I’ll be busily following up on this little annoyance – again – because I have all the time in the world to be dealing with auto diallers in Utah.

This is just the sort of distraction that is, um, preventing me from running. Yes, that’s another thing that has gone away. Although running was darned good for clearing my head, certain parts of my body didn’t enjoy it as much. At first I felt guilty about this loss of momentum, but then something happened to change that.

See, we’re making do with one car in our family, which means I spend a lot of time commuting around town on foot while Groom-boy has the auto at work all day. Although the days when I have to plow through snowbanks and against nasty north winds are a bit, well, chilly, for the most part I am not minding the experience one bit. Fortunately I have excellent support systems for when wheels are unavoidable (parents and in-laws).

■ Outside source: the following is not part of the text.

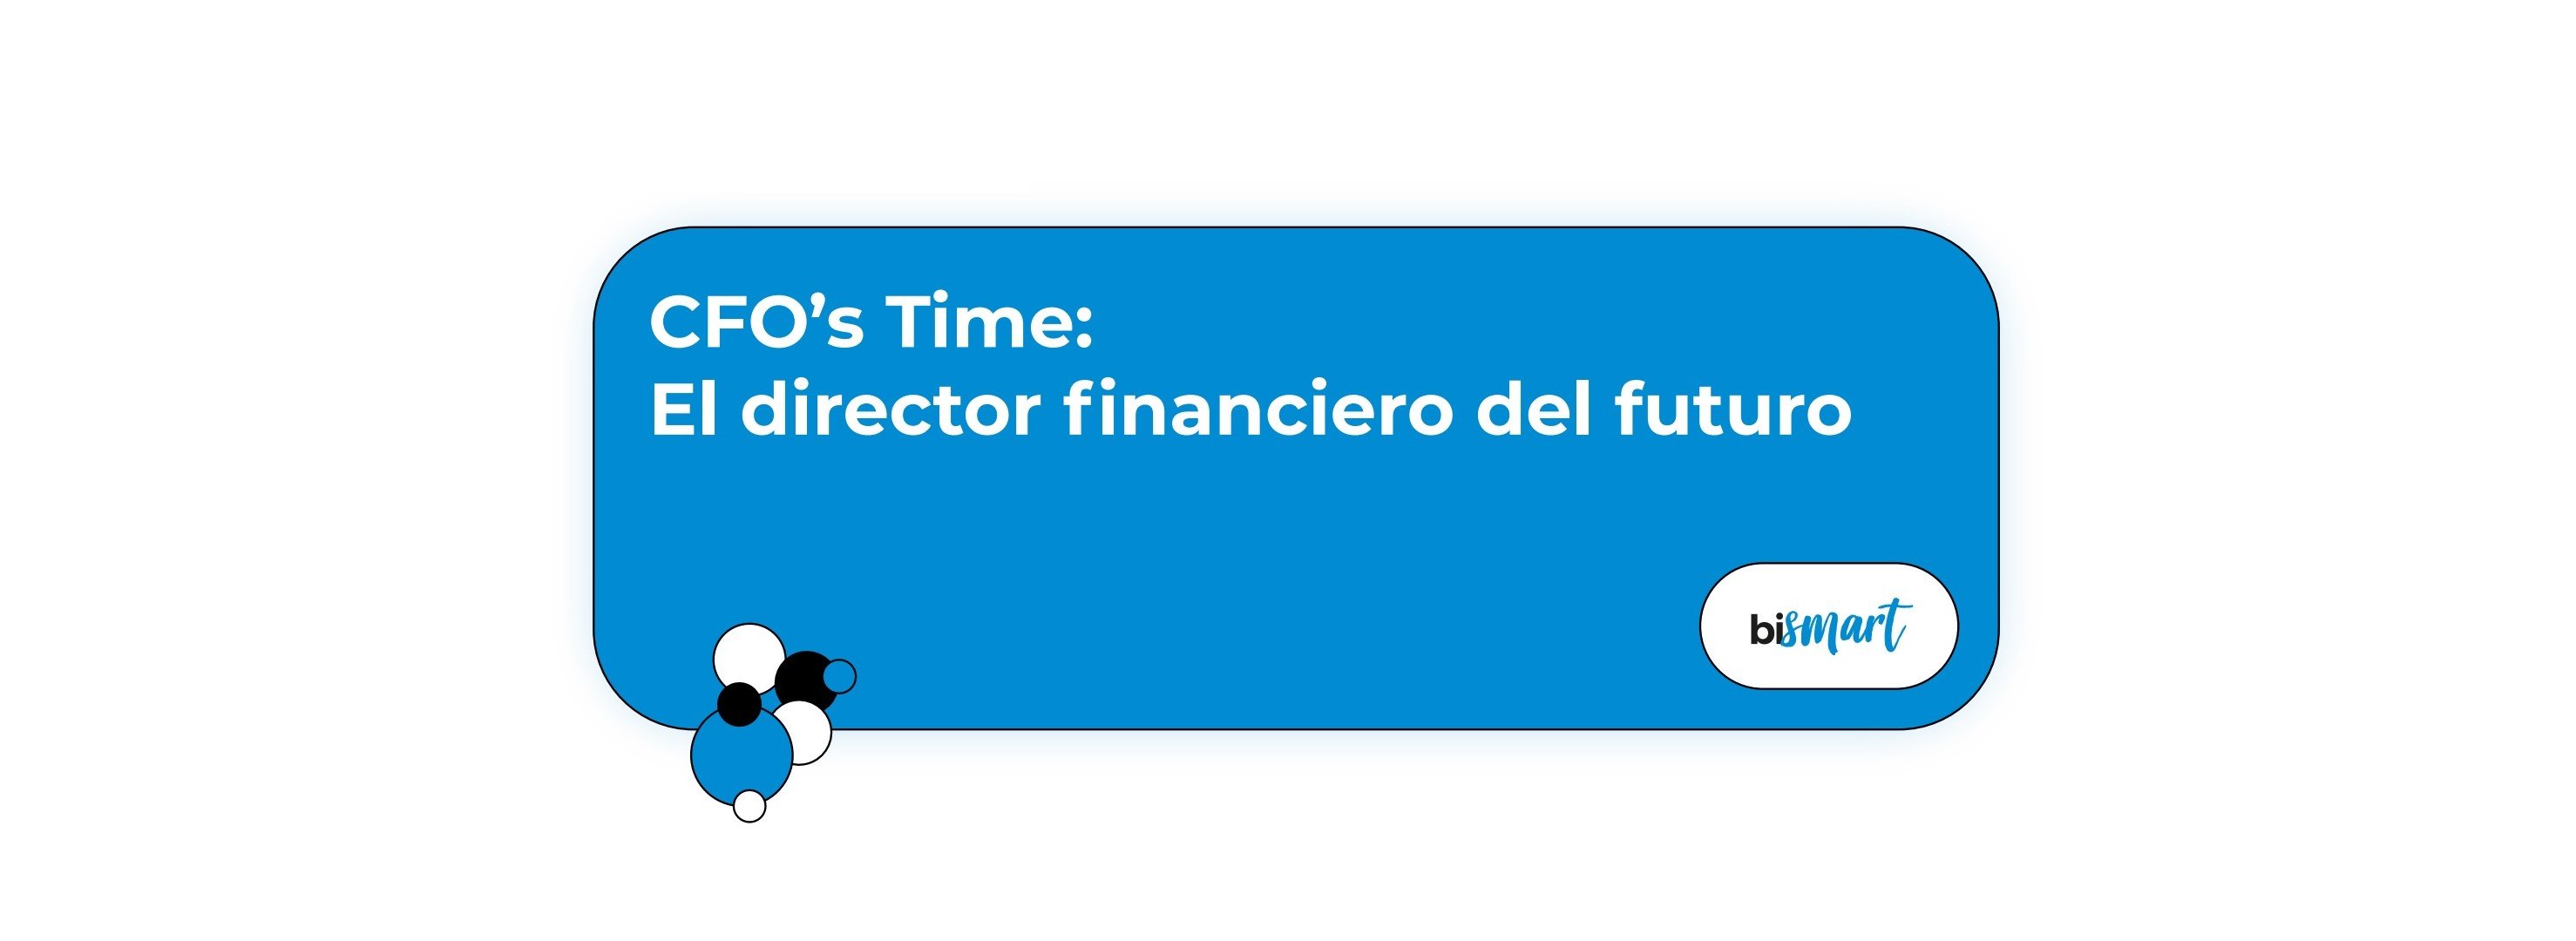 Guía CFO Time El director financiero del futuro
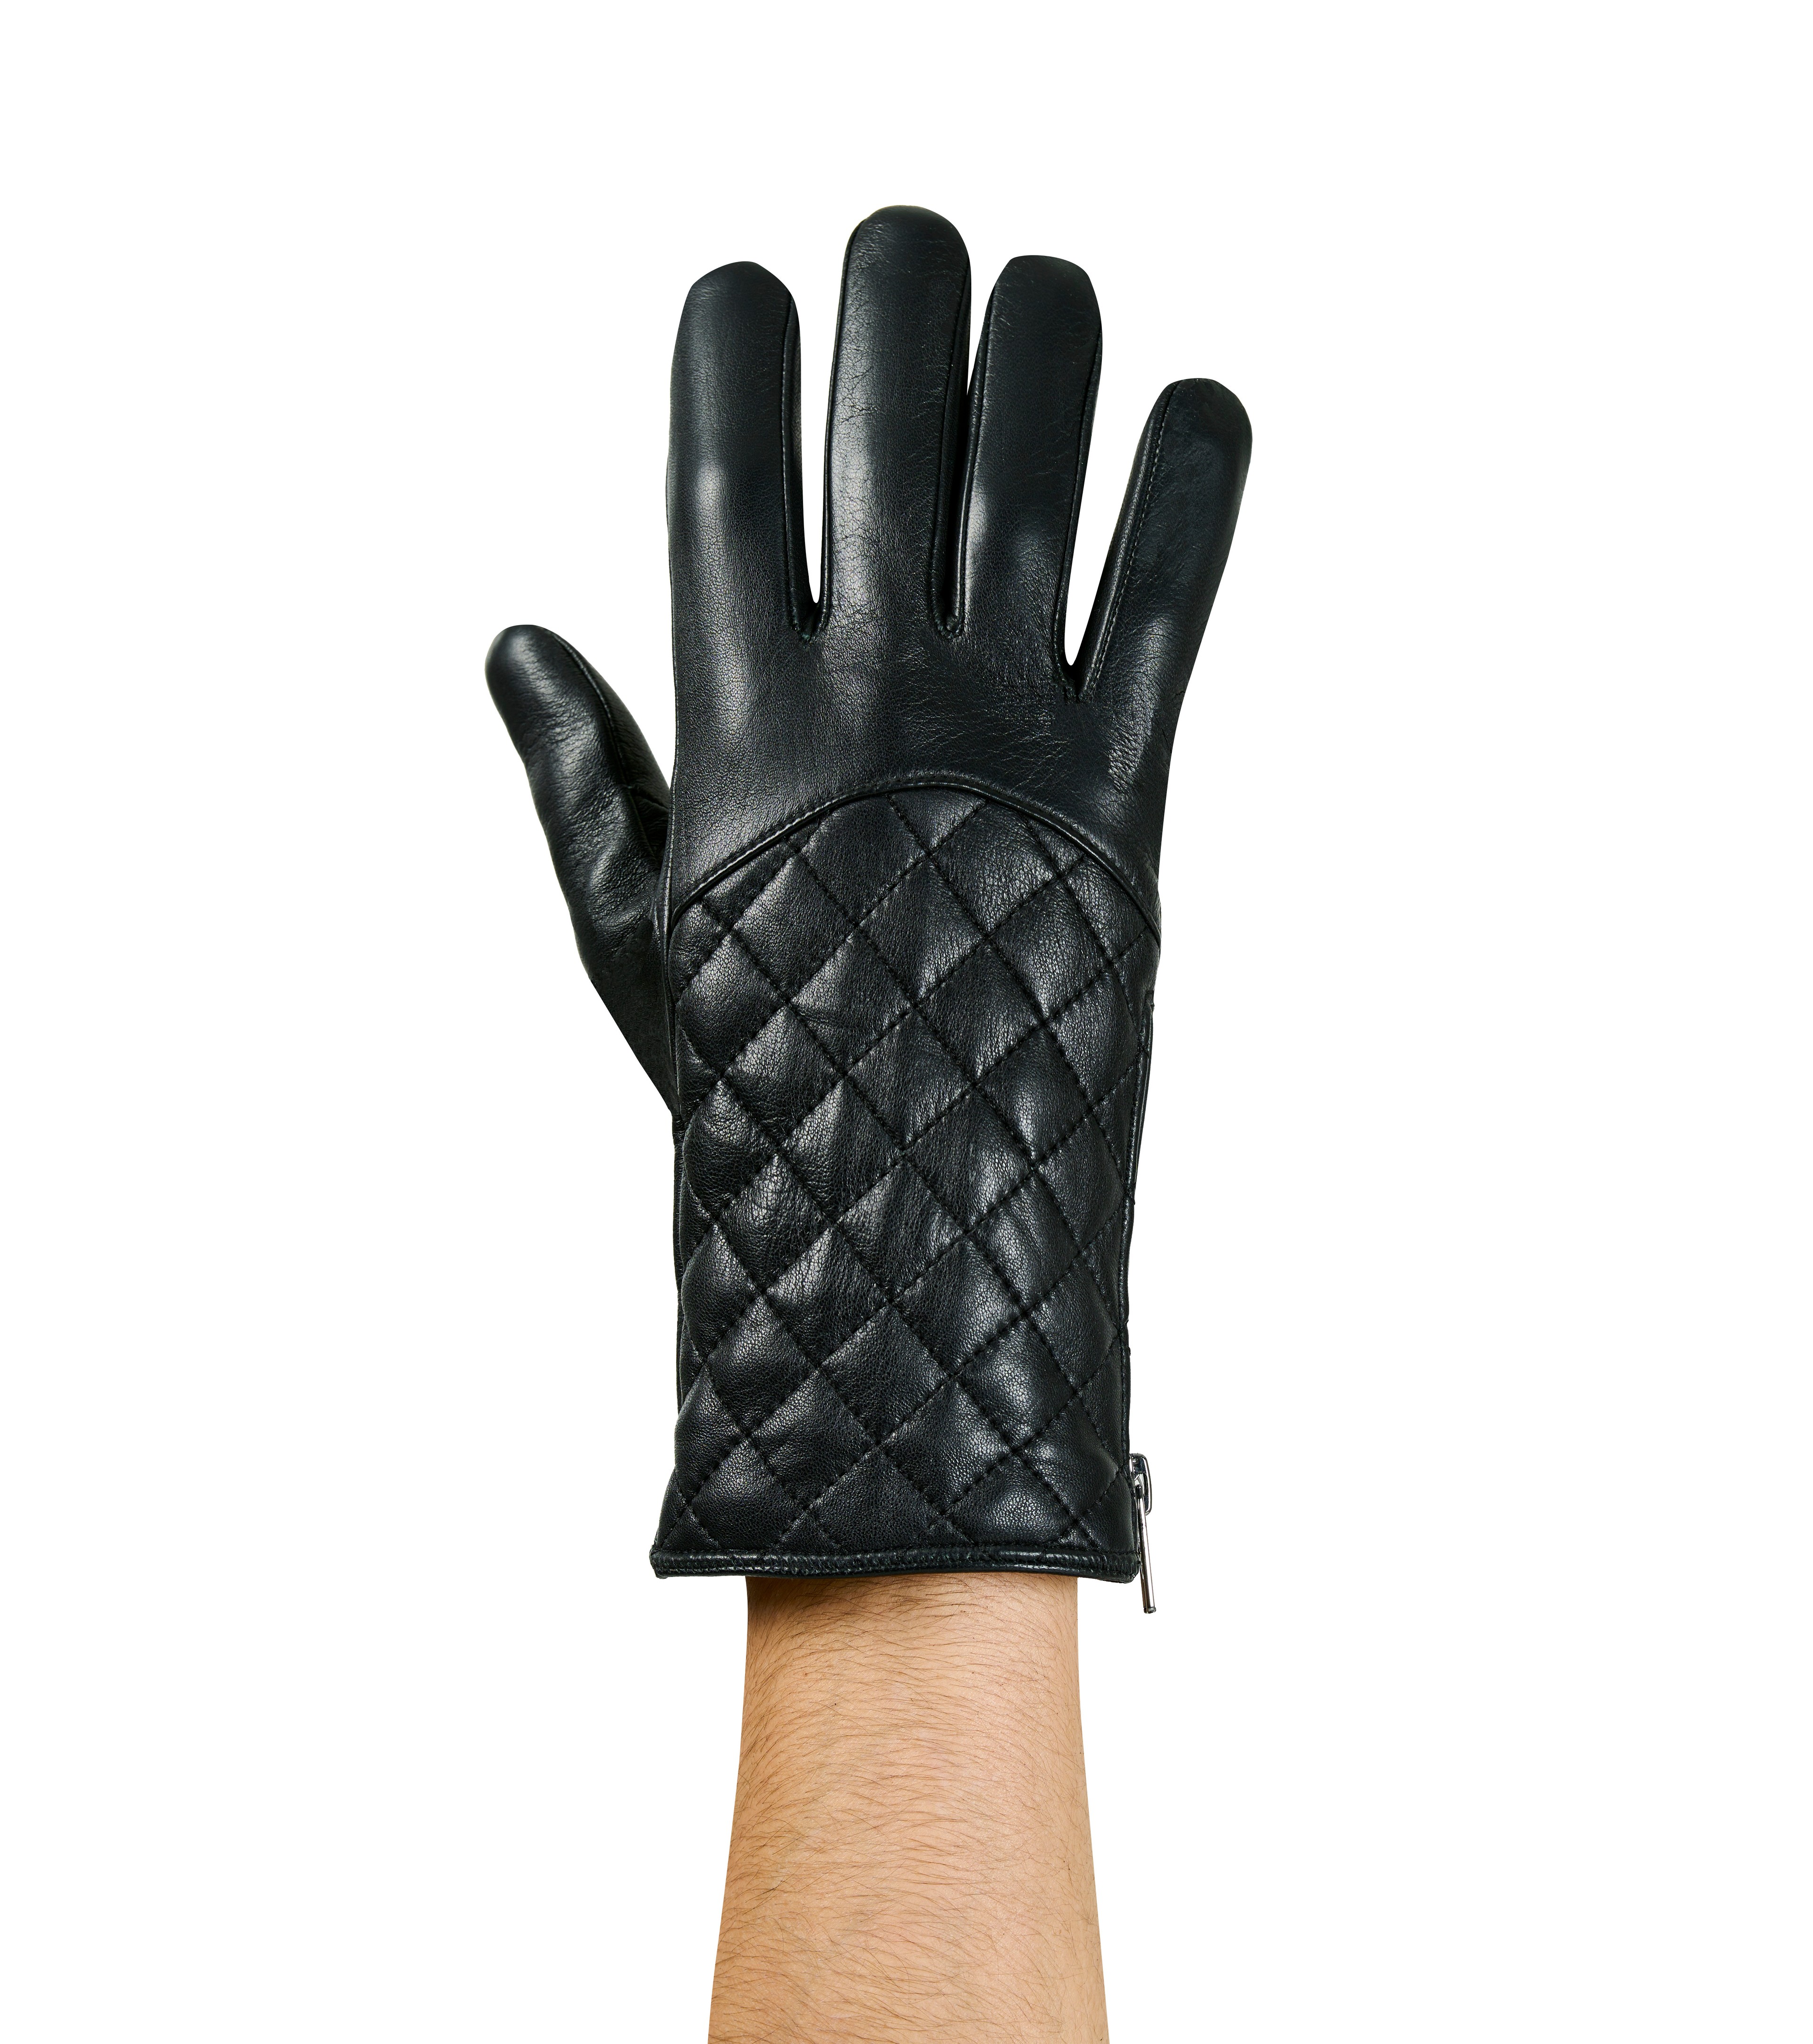 Sportster Biker Leather Gloves for Men

Anyway, with all this walking I managed to shed six pounds in the fall. I felt great! This was a good thing to have go away. Muscle tone going away? Not so good.

These days I rarely run (read: never), at least not in an organized, meaningful way that involves any sort of distance. Endurance? Something else that went away. In fact, if I want to keep any promises about “doing the Kilt Run next time,” then I’ll be starting pretty much from scratch. I’ll let you know how that all turns out.

Not surprisingly, something else that went away is that weight-loss achievement. At first I blamed Christmas, but I extend that to a broader culprit. Yes, I blame another thing that went away: my willpower to stop snacking at night.

Sigh.

In the summer I wrote about a remarkable discovery. I realized that if I ate less, I wouldn’t starve to death. In fact, I went so far as to substantially reduce snacking in the evening and – get this – I was okay! I felt good! Oh – and by not eating until I was stuffed, I actually felt pleasantly satiated after a meal.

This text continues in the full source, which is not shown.